§ Work item:
Please write out exactly the lines from the one with "Slave bible - Wikipedia" through the end of the data below, both ends included, and omit any pictures.
(Data shown)
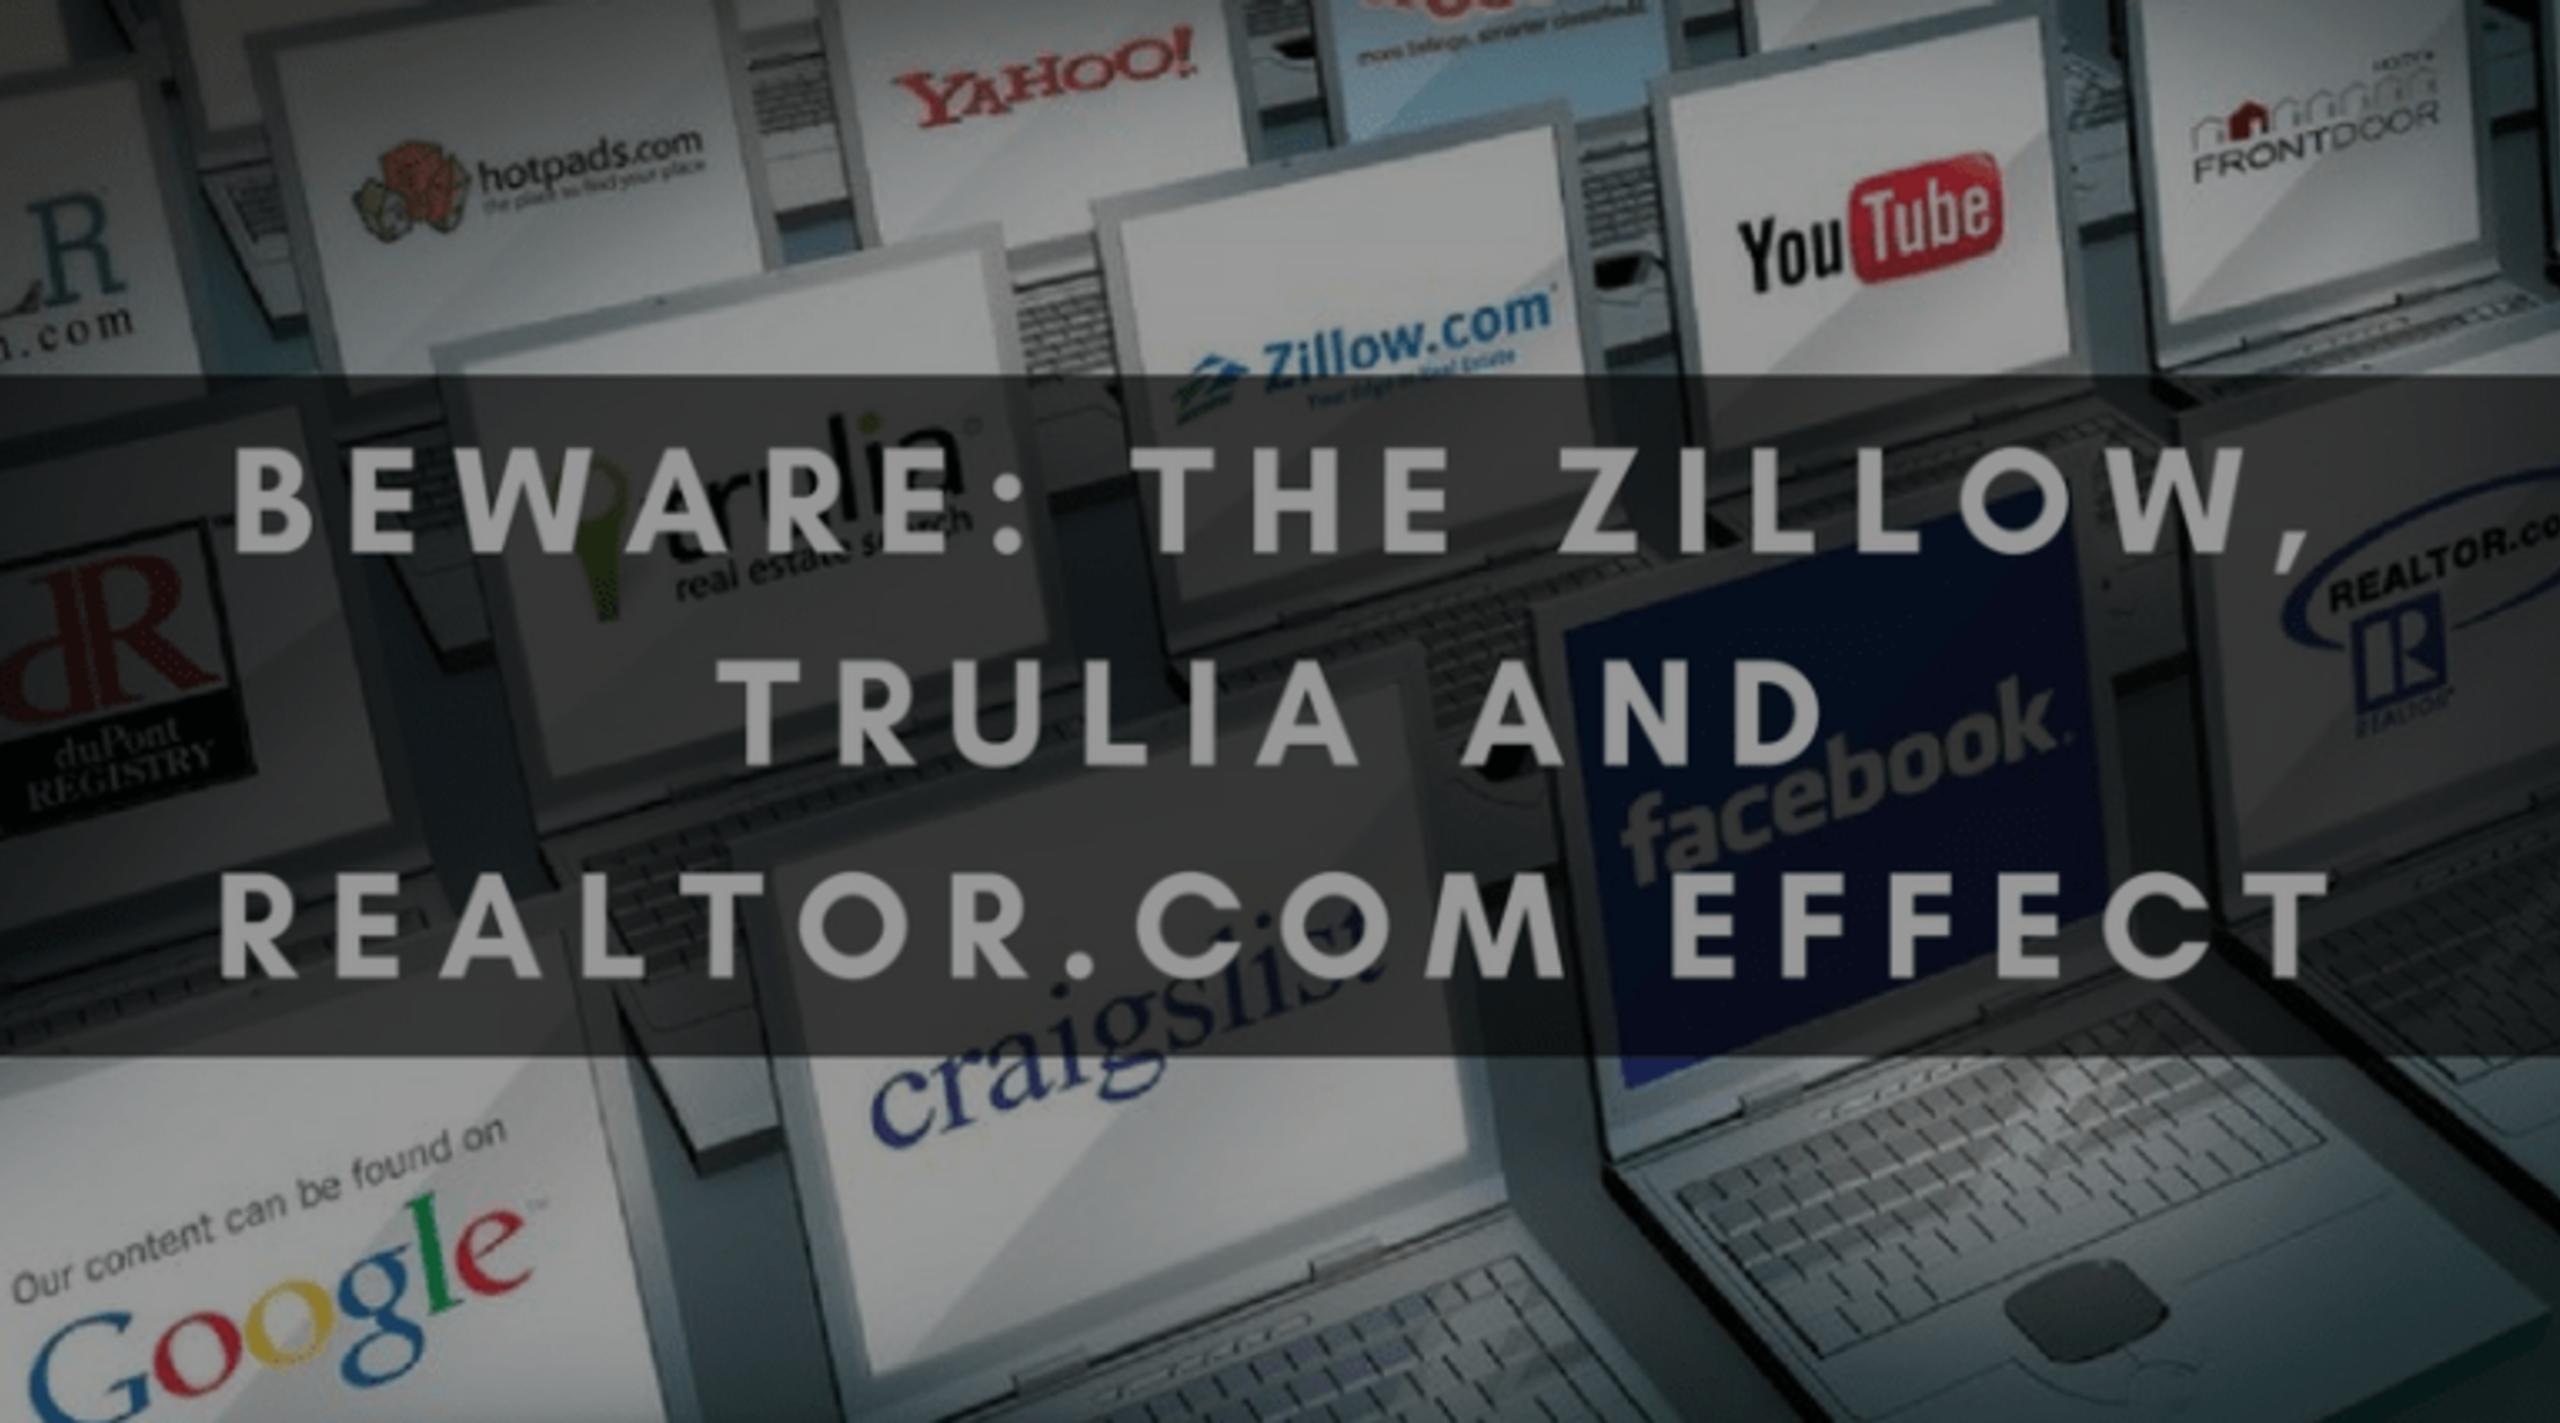 BEWARE: THE ZILLOW, TRULIA AND REALTOR.COM EFFECT
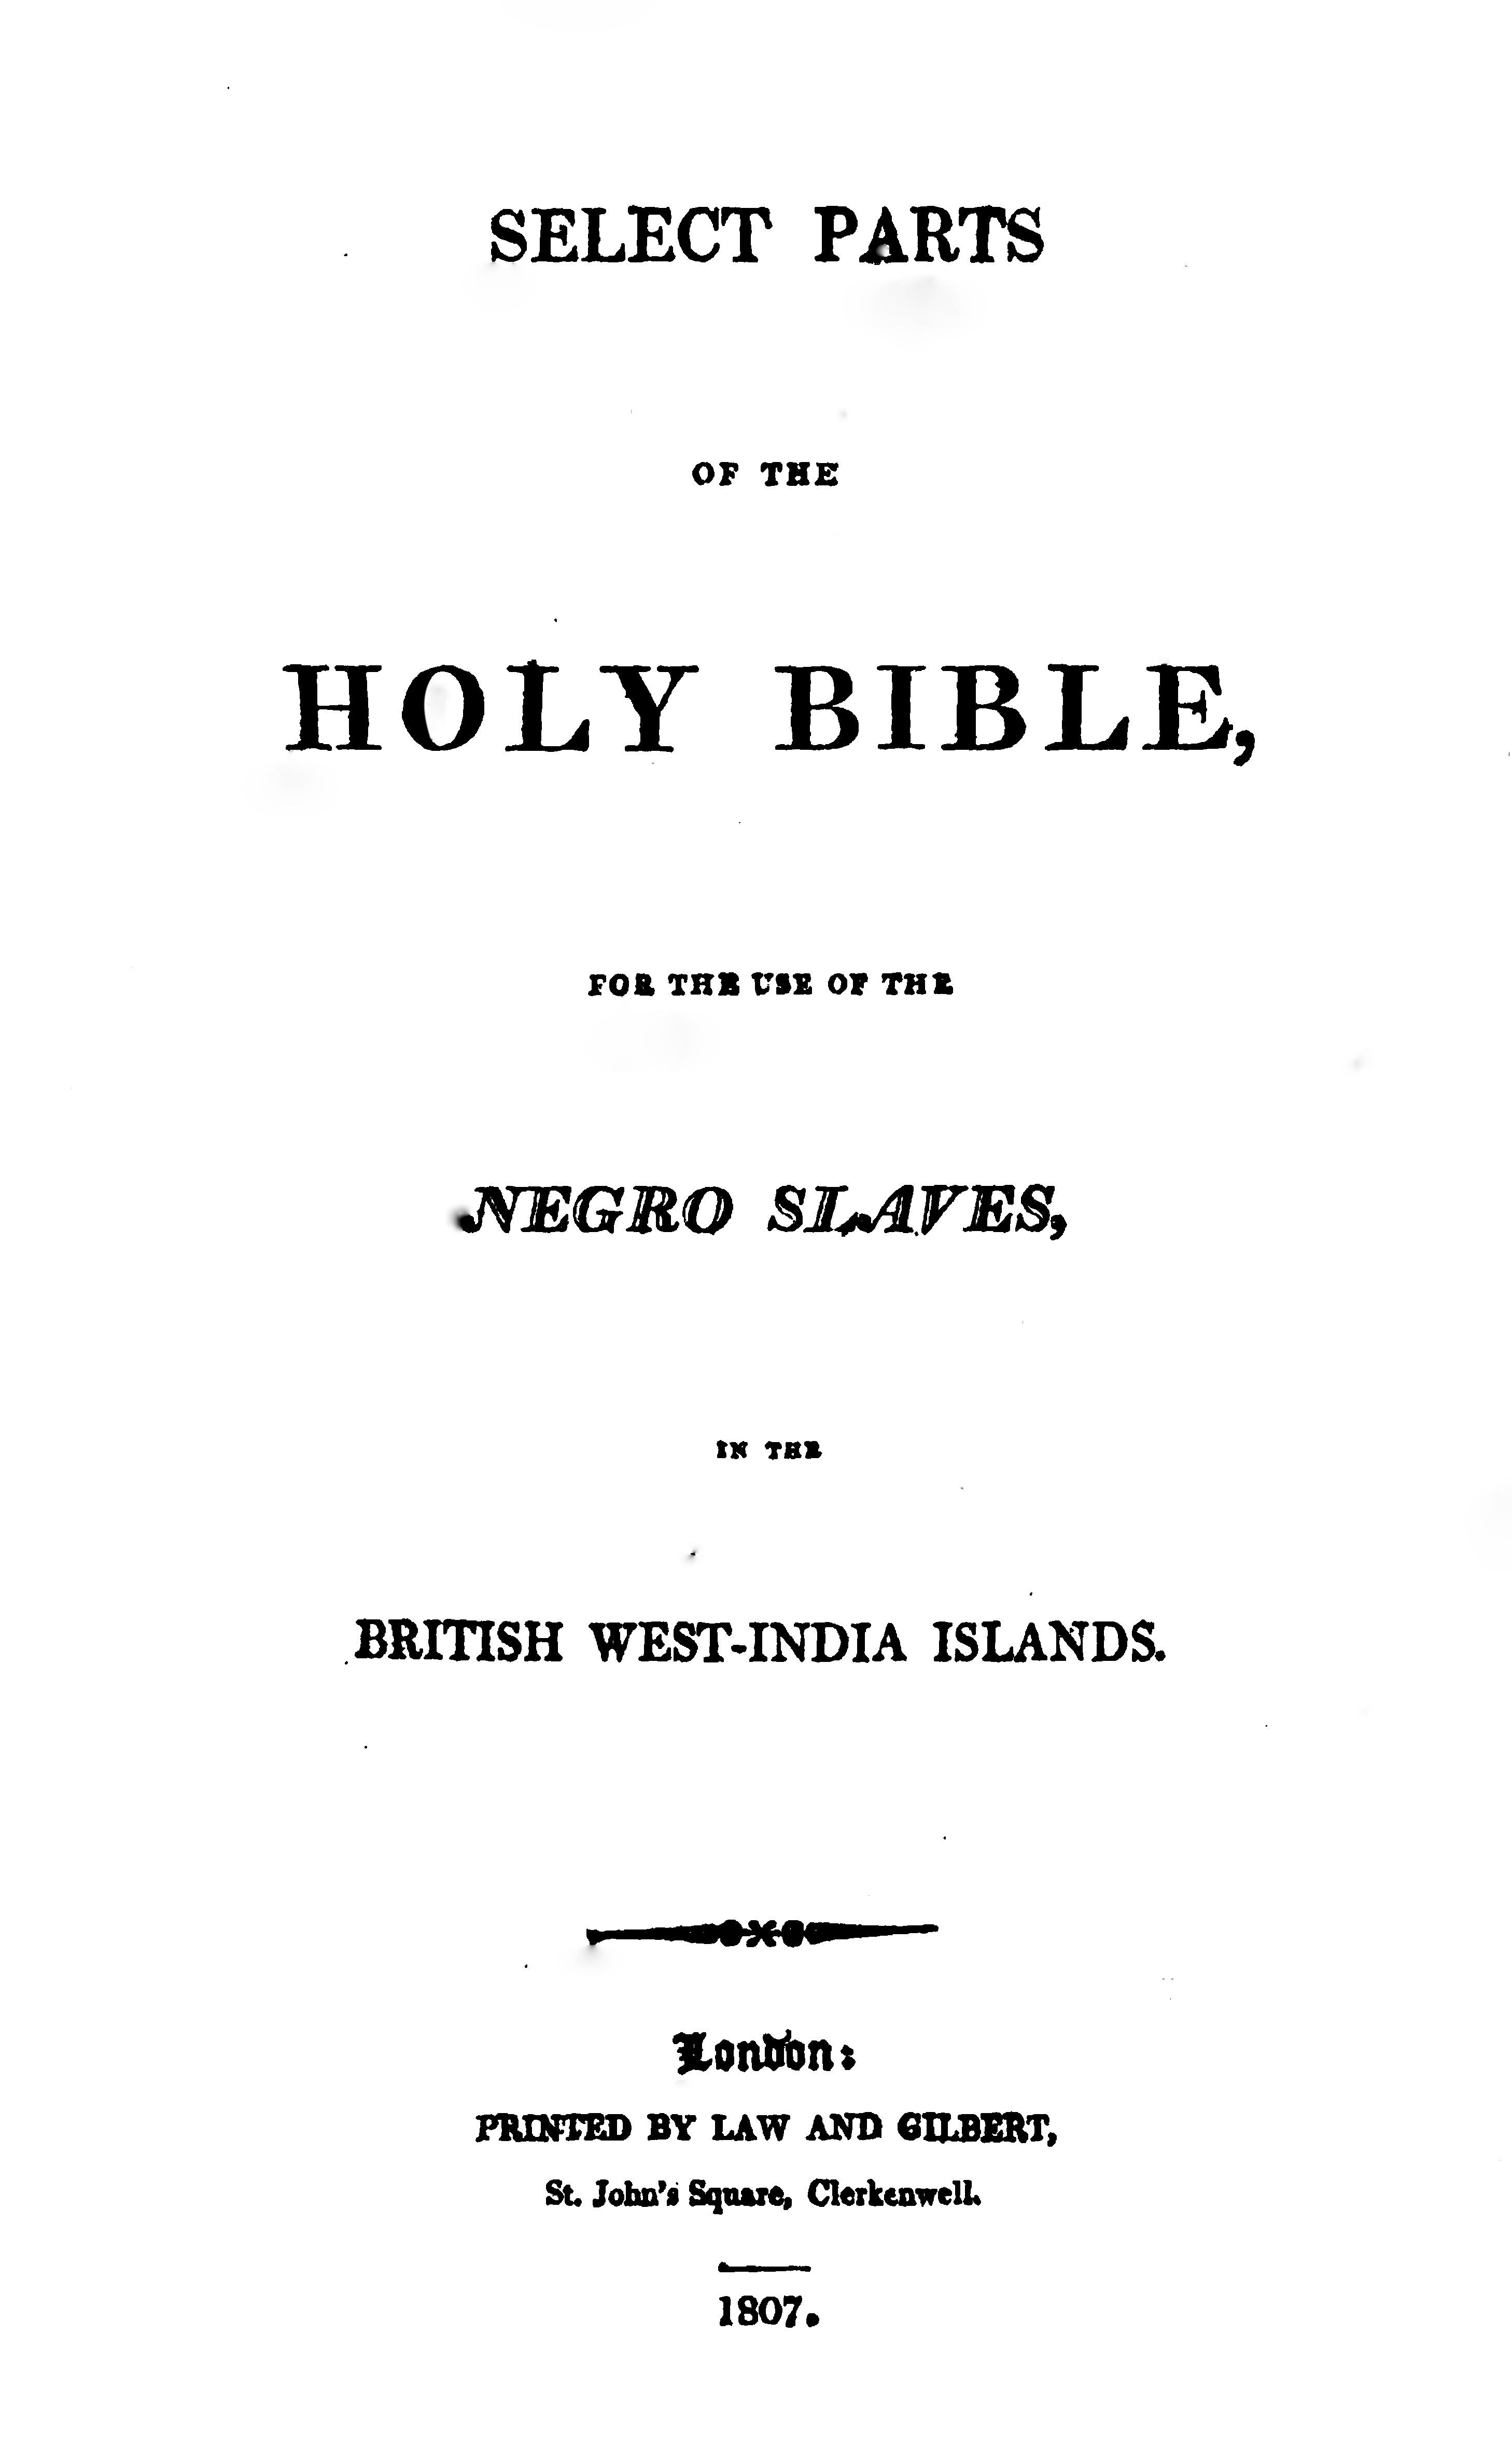 Slave bible - Wikipedia
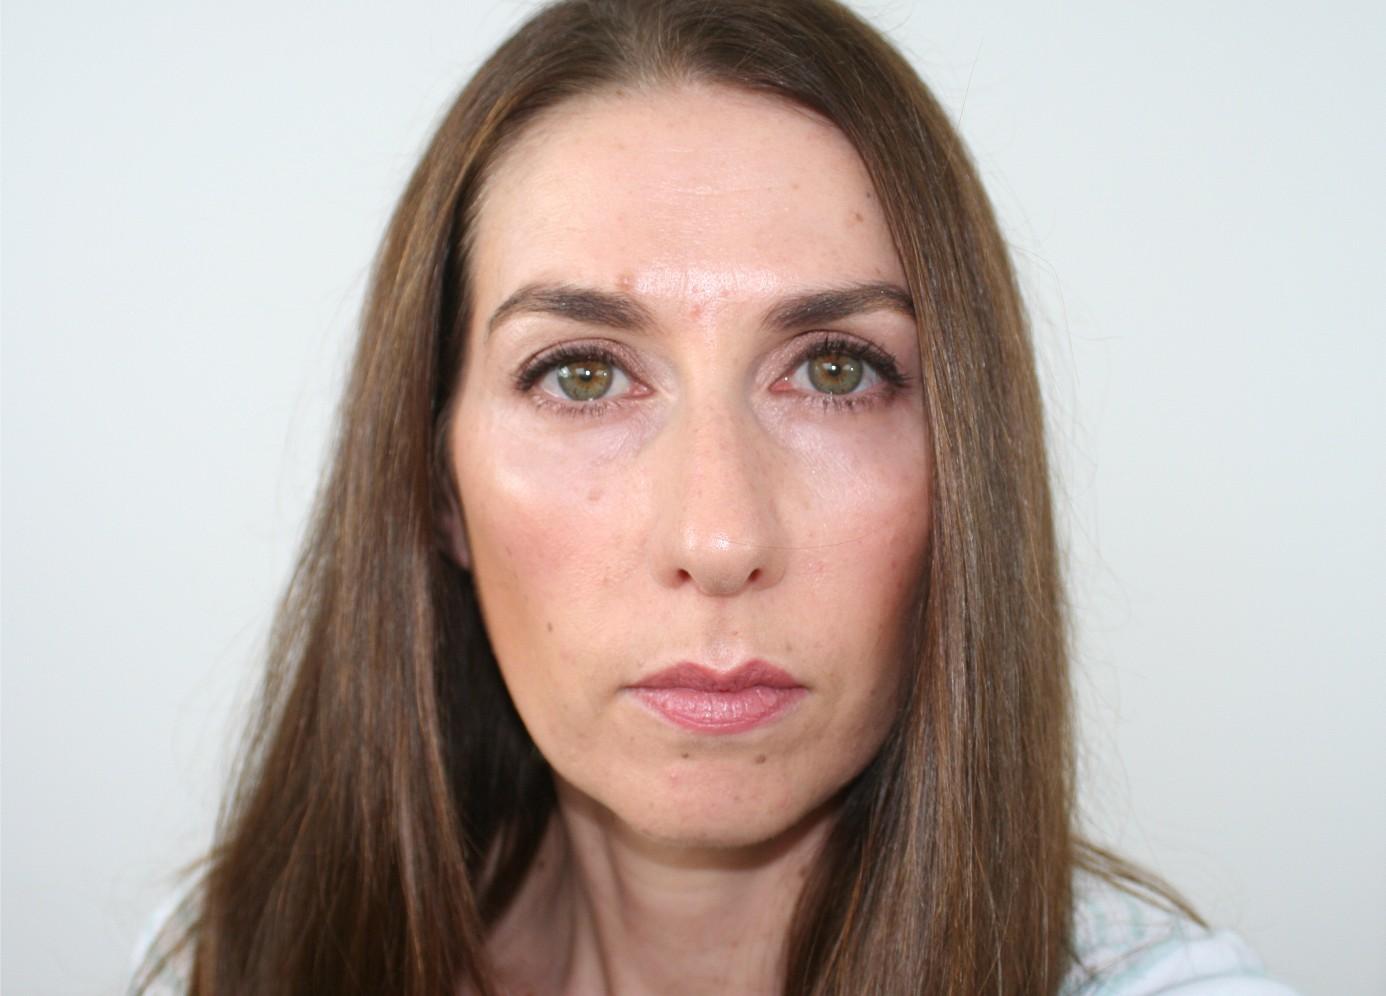 After - having contoured and highlighted around my cheekbones
(End Data shown)
§ Solution:
 Slave bible - Wikipedia
 After - having contoured and highlighted around my cheekbones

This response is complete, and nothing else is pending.